AlexsLemonade / alsf-scpca

Management and analysis tools for ALSF Single-cell Pediatric Cancer Atlas data.
BSD 3-Clause "New" or "Revised" License
0 stars 1 forks source link

Make genetic-demux into a full workflow #160

Closed jashapiro closed 2 years ago

jashapiro commented 2 years ago

This PR creates a genetic-demux.nf workflow that combines the earlier individual steps of genetic demultiplexing into a unified workflow that can run from start to finish with only specifying the input run to be processed.

In doing this, I deleted most of the test run setup from earlier workflows, created named workflows for each step with take and emit statements, and centralized parameters for specifying containers, files, and directories.

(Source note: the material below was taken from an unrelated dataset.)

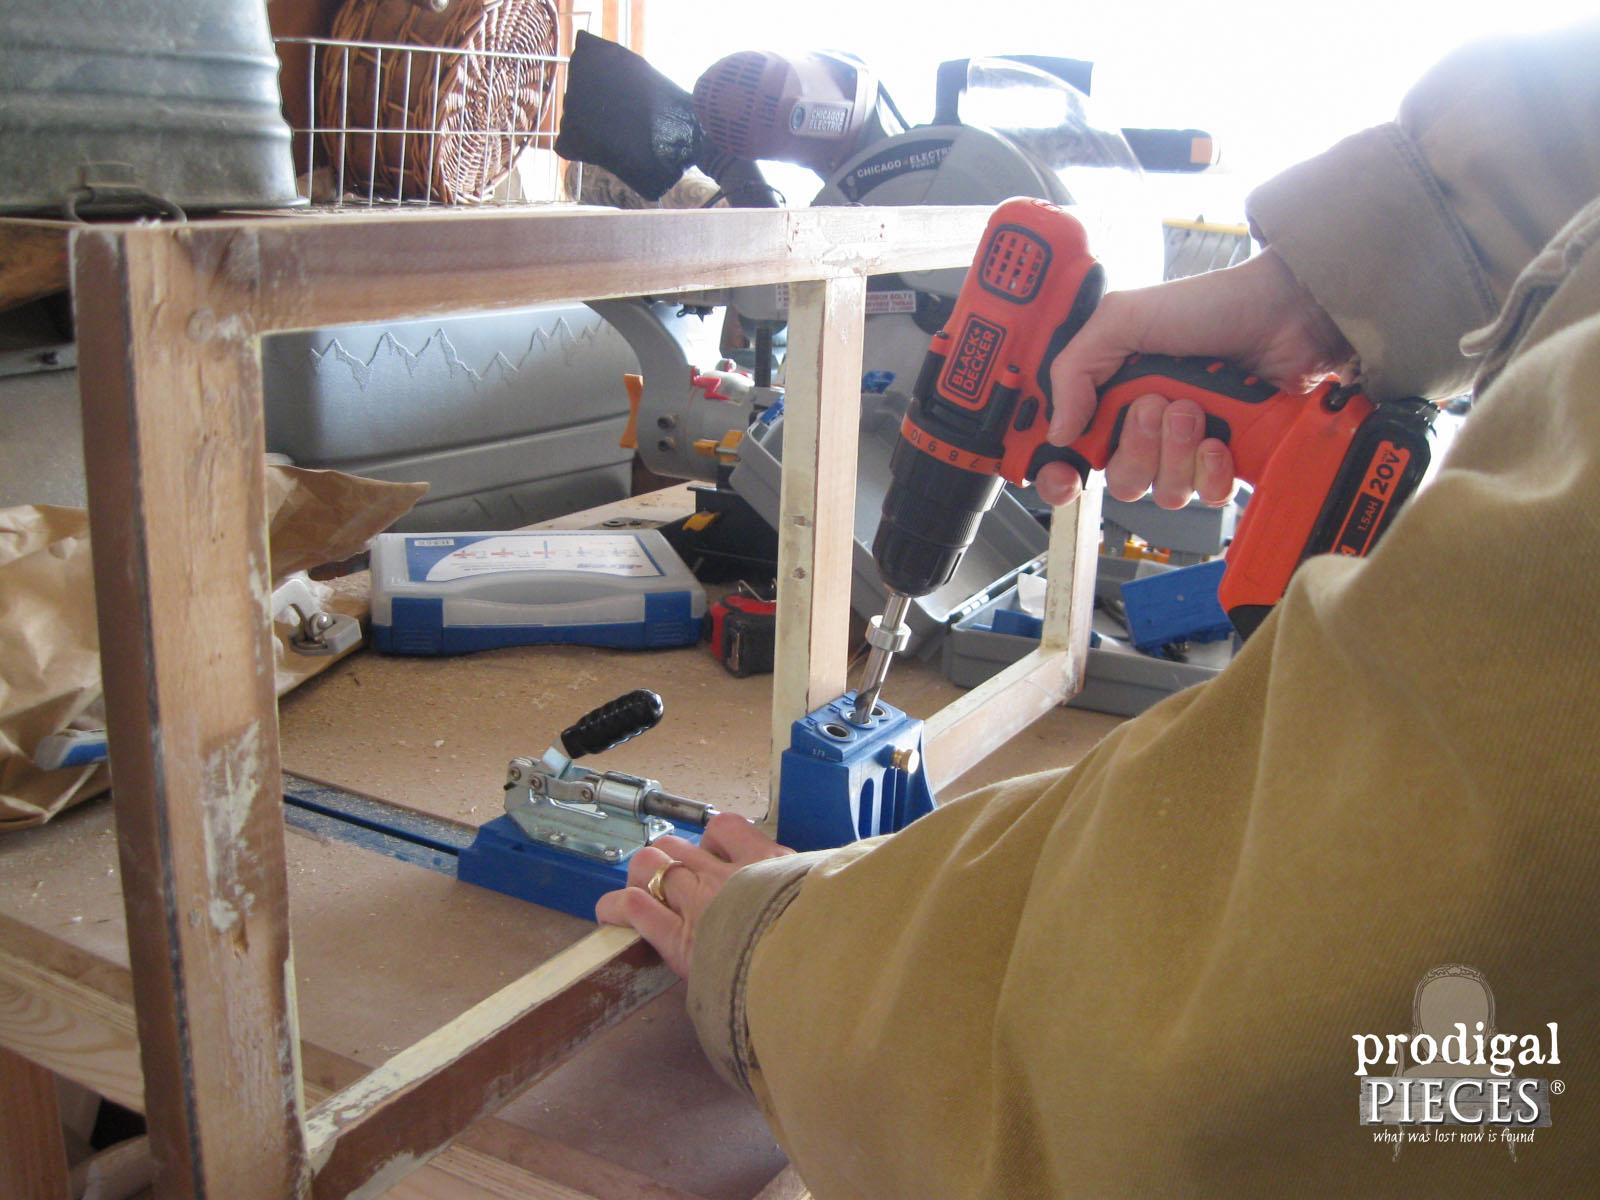 Creating Pocket Screw Holes with my Kreg Jig | Prodigal Pieces | www.prodigalpieces.com

So while there are a lot of changes, many of them are moving things around a bit and deleting mock data.

The biggest change/additions are:

  1. Adding logic to identify and build a channel of the bulk samples that are needed for reference genotyping.
  2. the logic for grouping samples by multiplex library for mpileup
  3. updating the workflow for cellsnp/vireo, which now includes more logic to pair the vcf files generated by mpileup with the starsolo runs.

I tried to leave comments to explain what is going on in each of those steps, but I might need to add more. nextflow can be a bit obtuse.

When running this, I found that some tweaks to the overall config were needed, so there are a few changes there as well.

Note that there is one process here that is not used: I was doing some testing with calling initial SNPs from the bulk data with cellsnp as well (what they call mode 2b). This is much faster than mpileup, but seemed in initial testing to give worse results, I may do a bit more testing with it, so I left the process there, even though no workflow currently uses it.

jashapiro commented 2 years ago

Merging as it is working now & I incorporated all feedback. Will probably need future tweaks!